一方、コロナ禍においても、日本のスタートアップをめぐる環境が着実に前進していることは、岸田新政権にとっても追い風となる。一時は急落した株価は、足もと不安定さを見せているものの依然として高値圏にあり、新規上場数も堅調に推移している。スタートアップの資金調達金額は底堅く推移しており、大型の資金調達も見られる。ここ数年でスタートアップとの連携や資本提携を増やしてきた大企業の姿勢も大きくは変わっていないように見える。

 

さらに、海外の投資家が日本のスタートアップに投資する事例も増えてきた。例えば、バイオ素材の開発を手掛けるSpiber(山形県鶴岡市)は、この9月に米国のカーライルやフィデリティ、英国のベイリー・ギフォード等から大型の資金調達を行うことを発表した。また、海外の有力企業に買収されるスタートアップも現れた。米決済大手ペイパル・ホールディングスは、後払いサービスを手掛けるPaidy(東京都港区)を3,000億円で買収することを発表した。
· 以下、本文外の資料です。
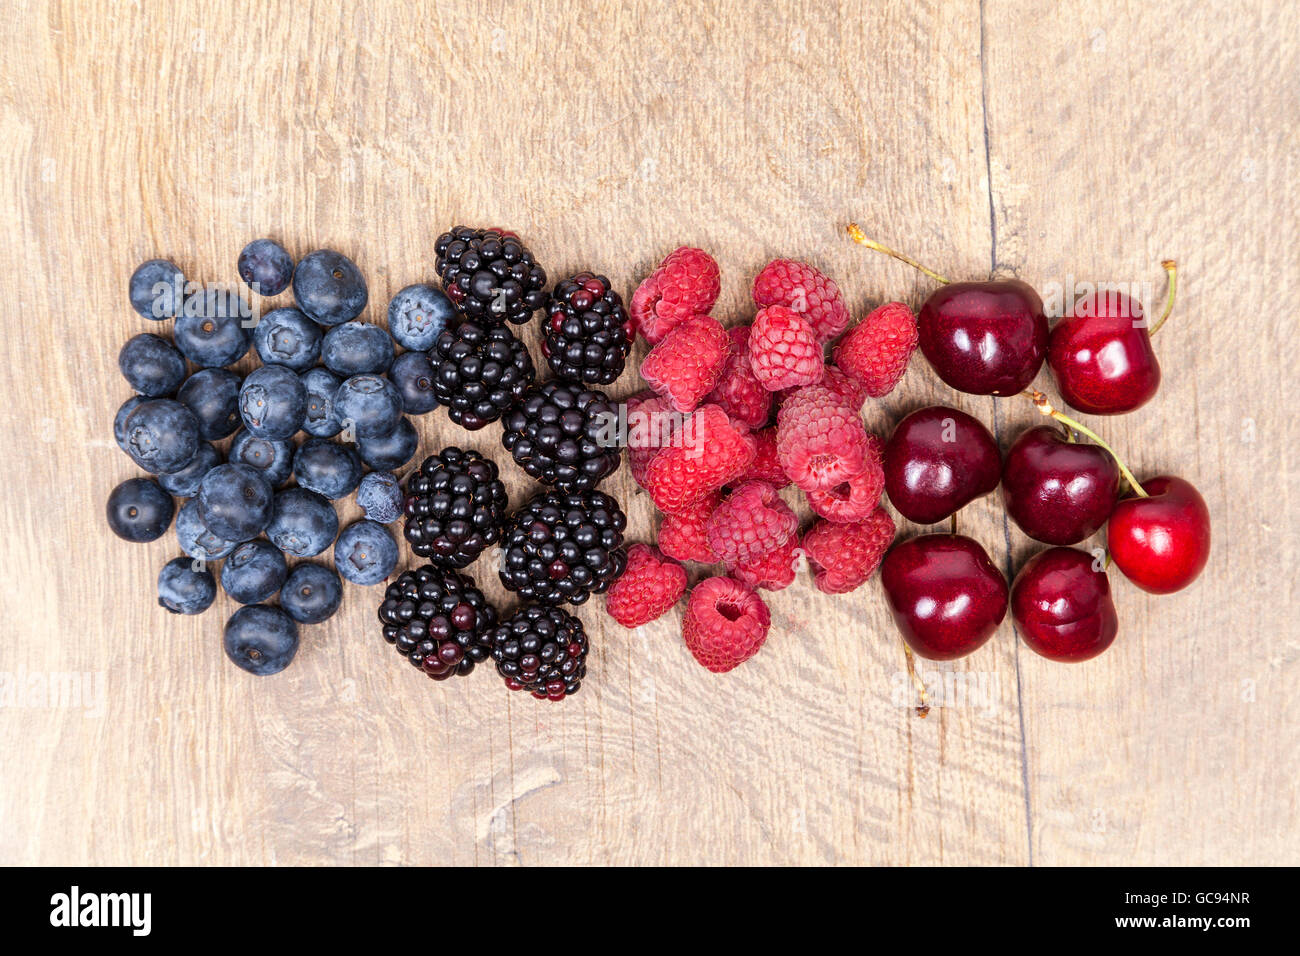 Blueberry, raspberry, blackberry and cherry fruits Stock Photo

長らく、内外の有力企業が買収したいと思うようなスタートアップが少ない、EXITがIPOに偏重しているなどと言われてきたが、米国の大手IT企業から3,000億円もの評価額で買収される企業が出てきたことは、非常に画期的なことである。

 

そして、米調査会社のスタートアップ・ゲノムがこの9月に発表したスタートアップ・エコシステムランキングでは、東京が9位にランクインした[図表2]。昨年の15位から順位を上げており、海外における日本の認知度、注目度が高まっていることの表れと言えよう。

 

[図表2]スタートアップ・エコシステムランキング(2021年)

 

スタートアップが育たないと言われてきた日本の環境は、ここ数年で大きく改善してきた。岸田新政権の成長戦略、支援策によって、日本のスタートアップ・エコシステムは更に飛躍を遂げることができるのか、今後の展開に期待したい。